TO DO >> After finding the line with "Suggested Replacement Value: $4,500.00" in the entries below, copy that line and each one after it exactly, through the last line, and omit pictures.

[Extracted records]

- - -

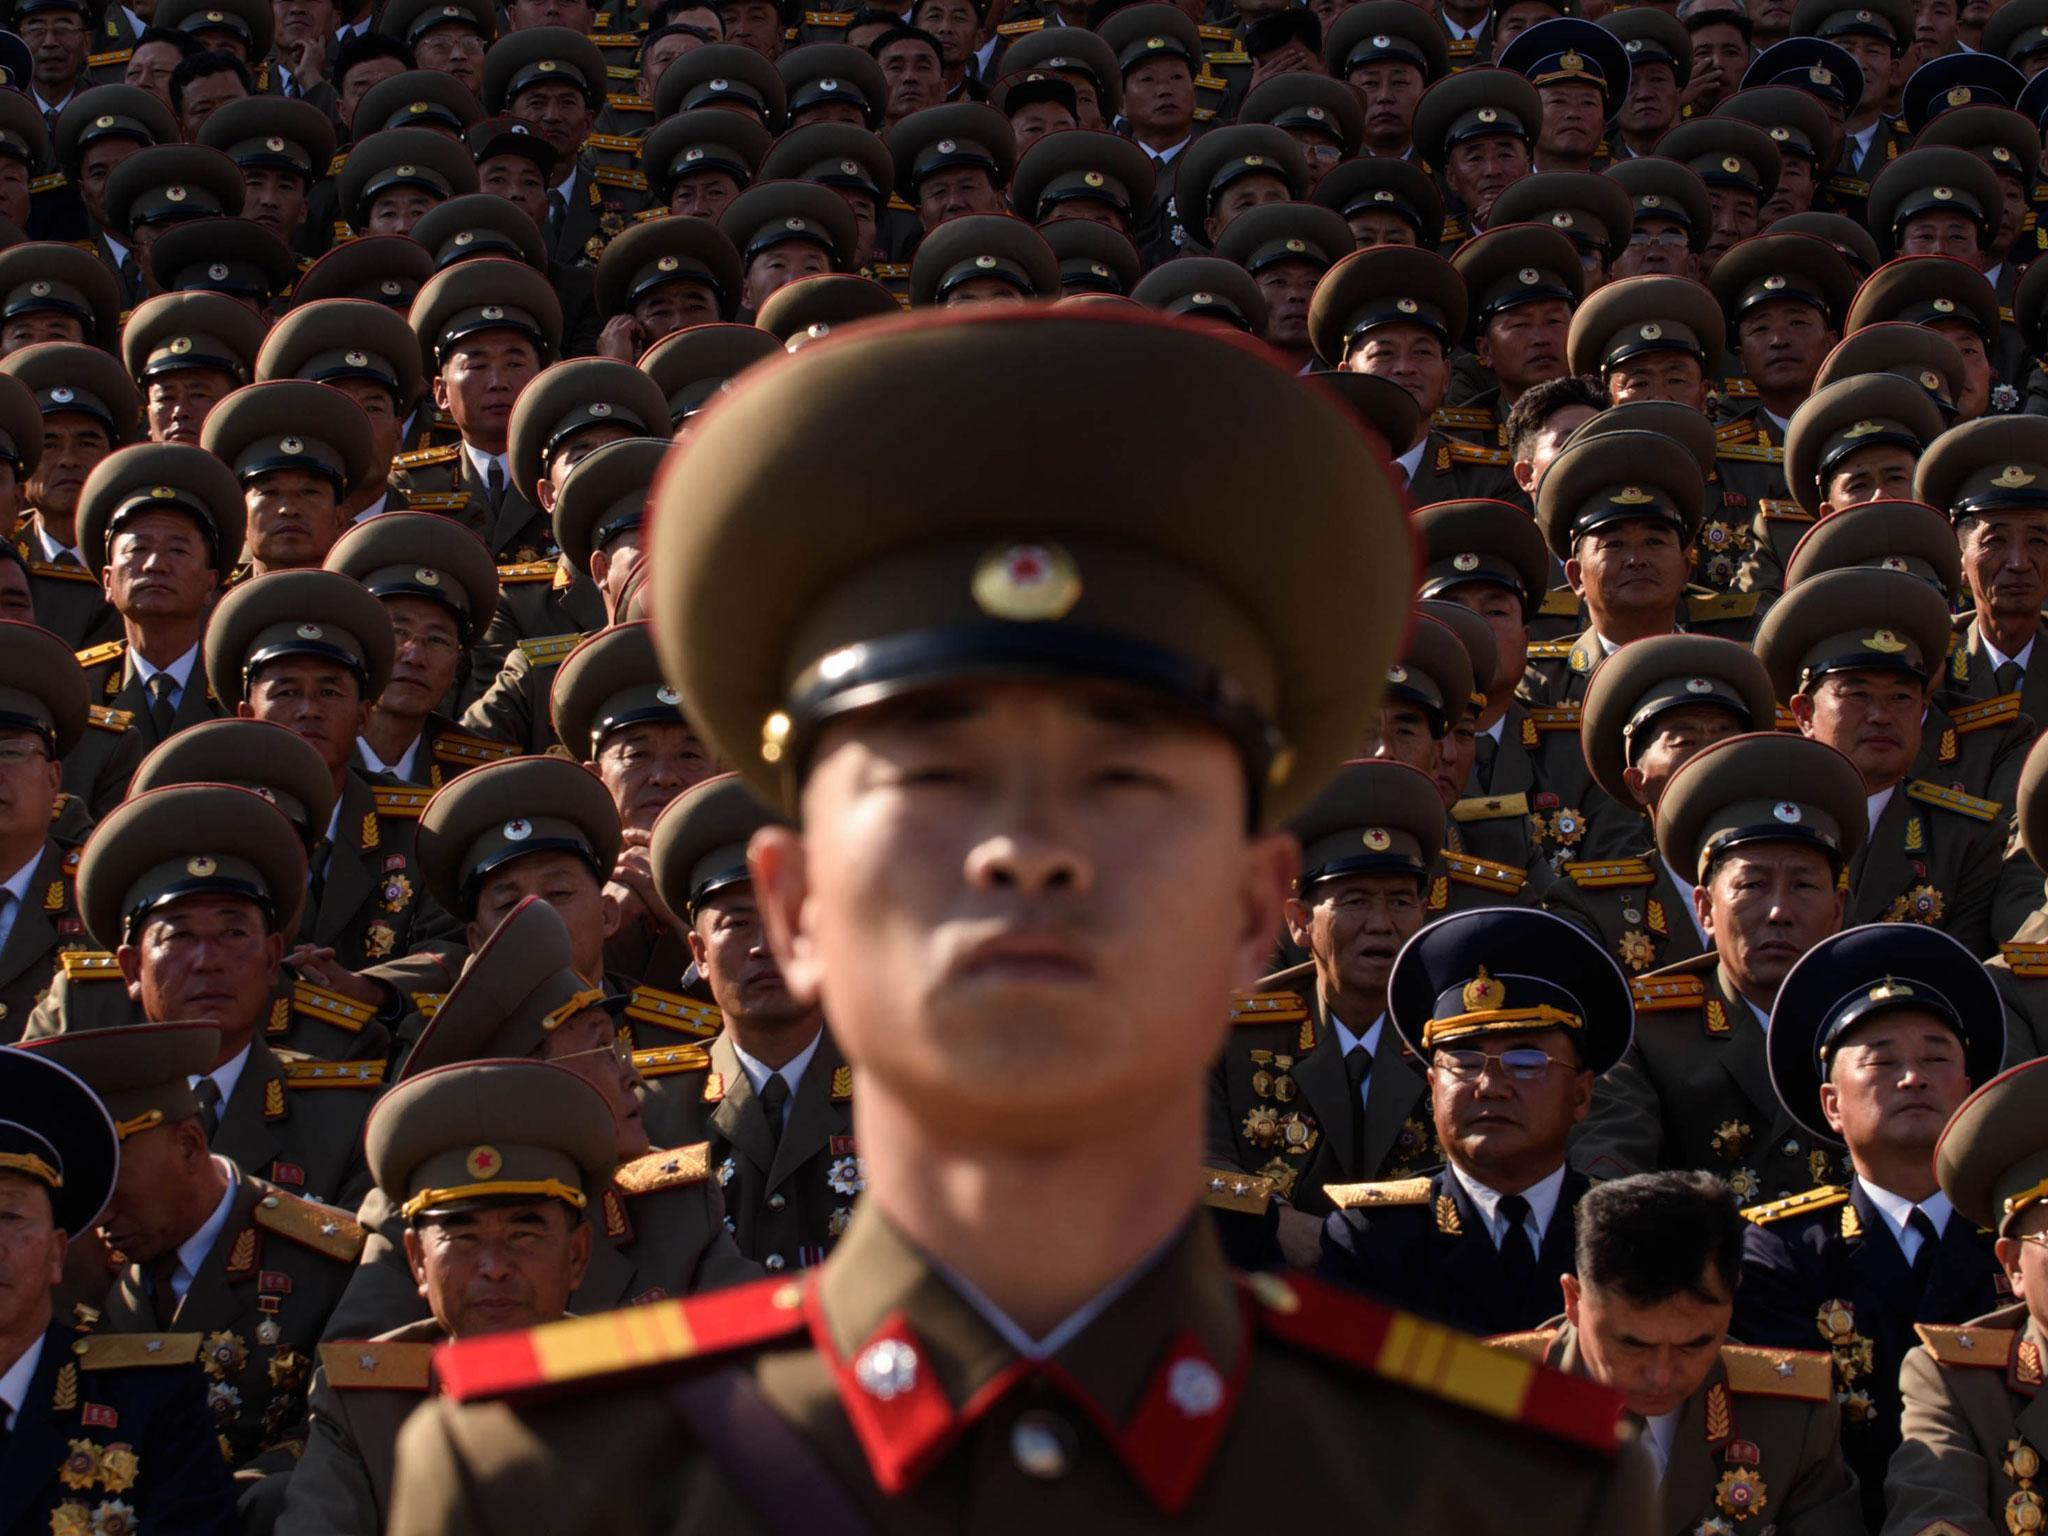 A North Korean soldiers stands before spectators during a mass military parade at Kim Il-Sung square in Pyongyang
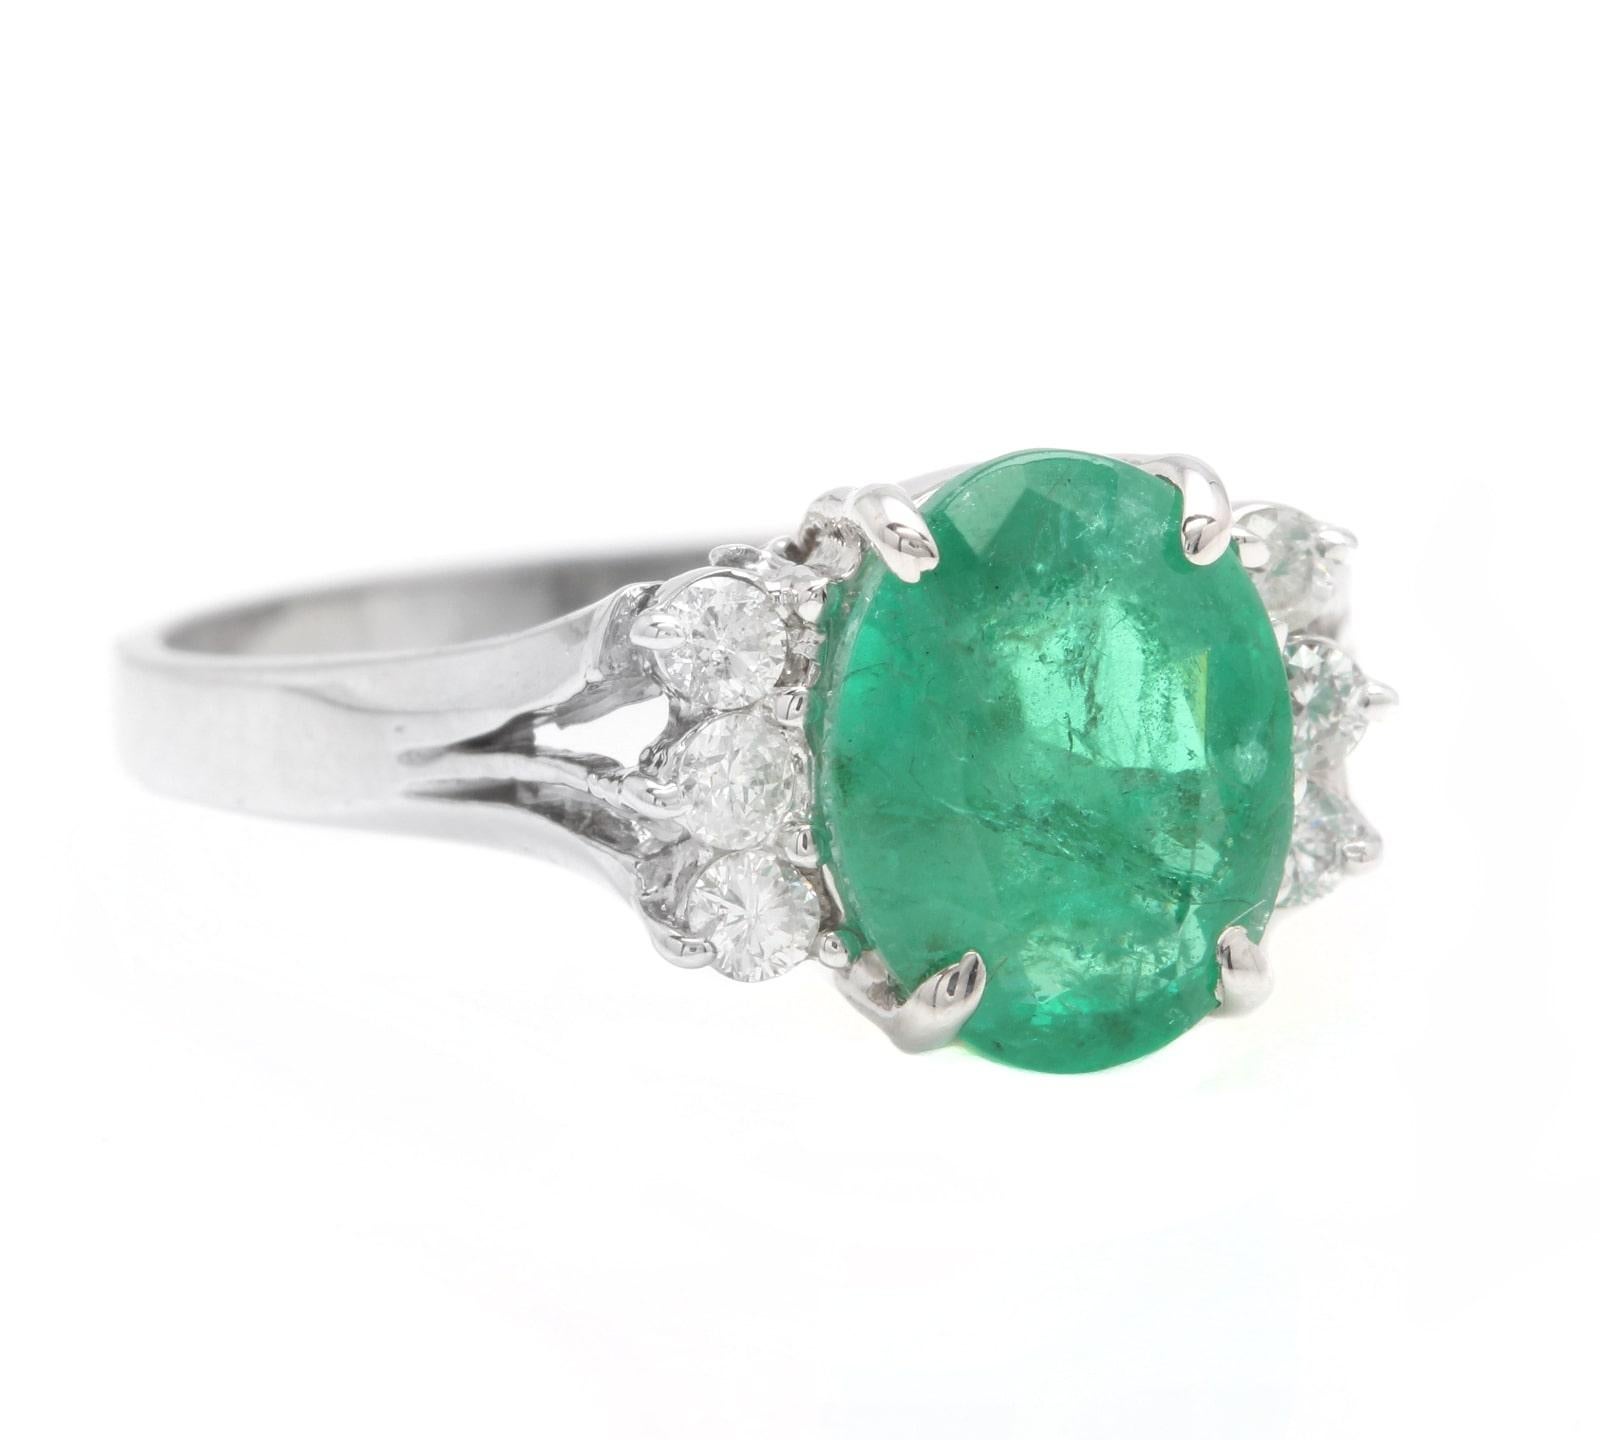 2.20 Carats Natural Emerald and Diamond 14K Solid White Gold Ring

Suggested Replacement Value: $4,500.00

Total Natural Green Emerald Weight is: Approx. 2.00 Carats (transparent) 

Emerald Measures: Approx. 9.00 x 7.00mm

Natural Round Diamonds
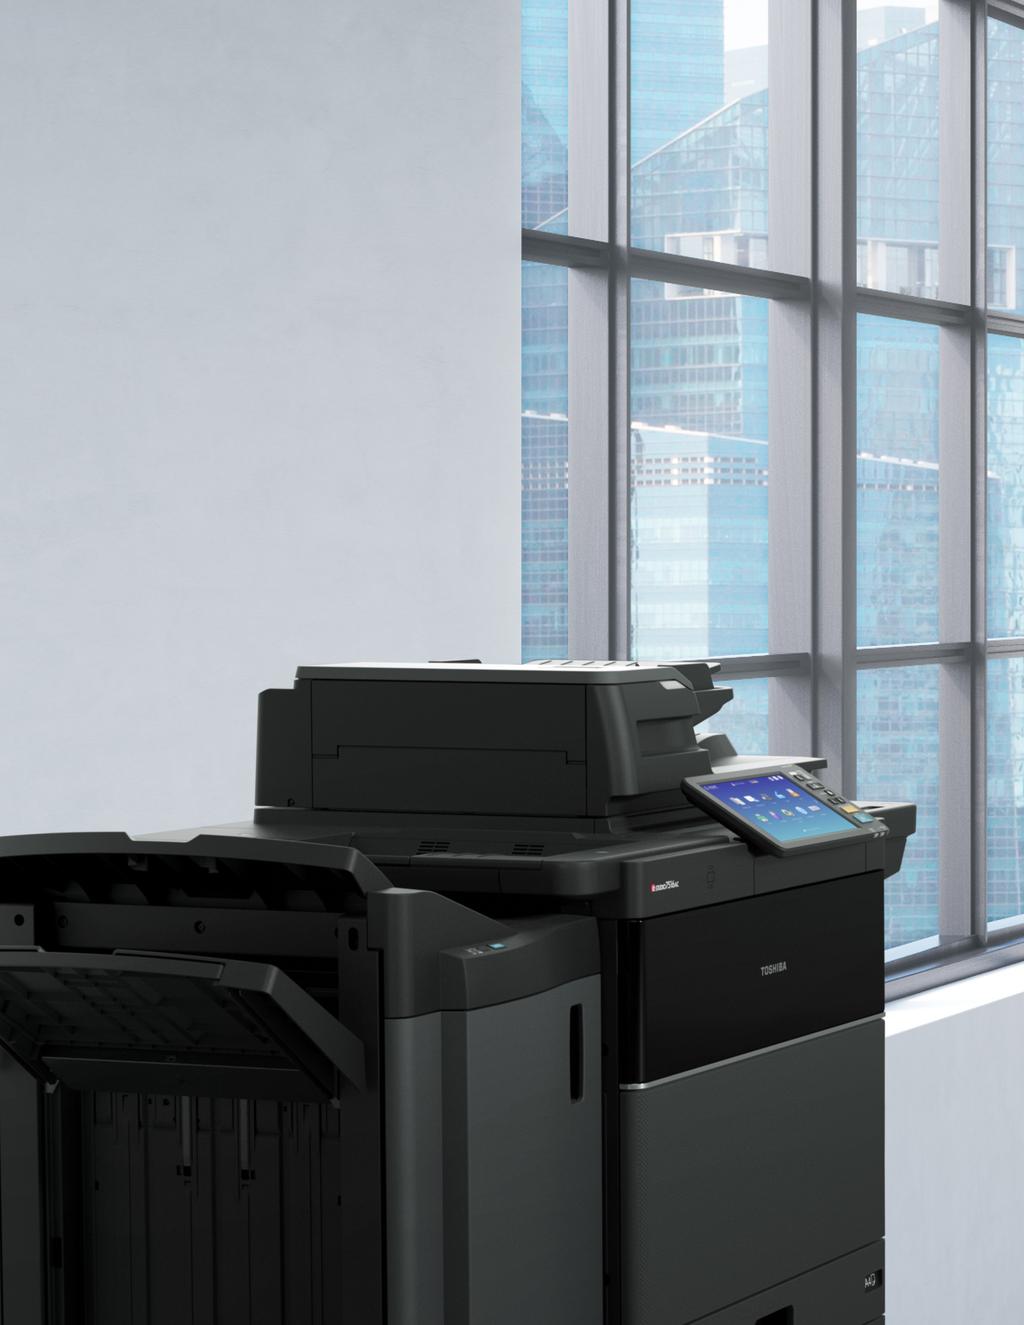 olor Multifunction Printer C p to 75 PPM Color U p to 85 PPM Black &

- - -

ANSWER BOX >>
Suggested Replacement Value: $4,500.00

Total Natural Green Emerald Weight is: Approx. 2.00 Carats (transparent) 

Emerald Measures: Approx. 9.00 x 7.00mm

Natural Round Diamonds
 olor Multifunction Printer C p to 75 PPM Color U p to 85 PPM Black &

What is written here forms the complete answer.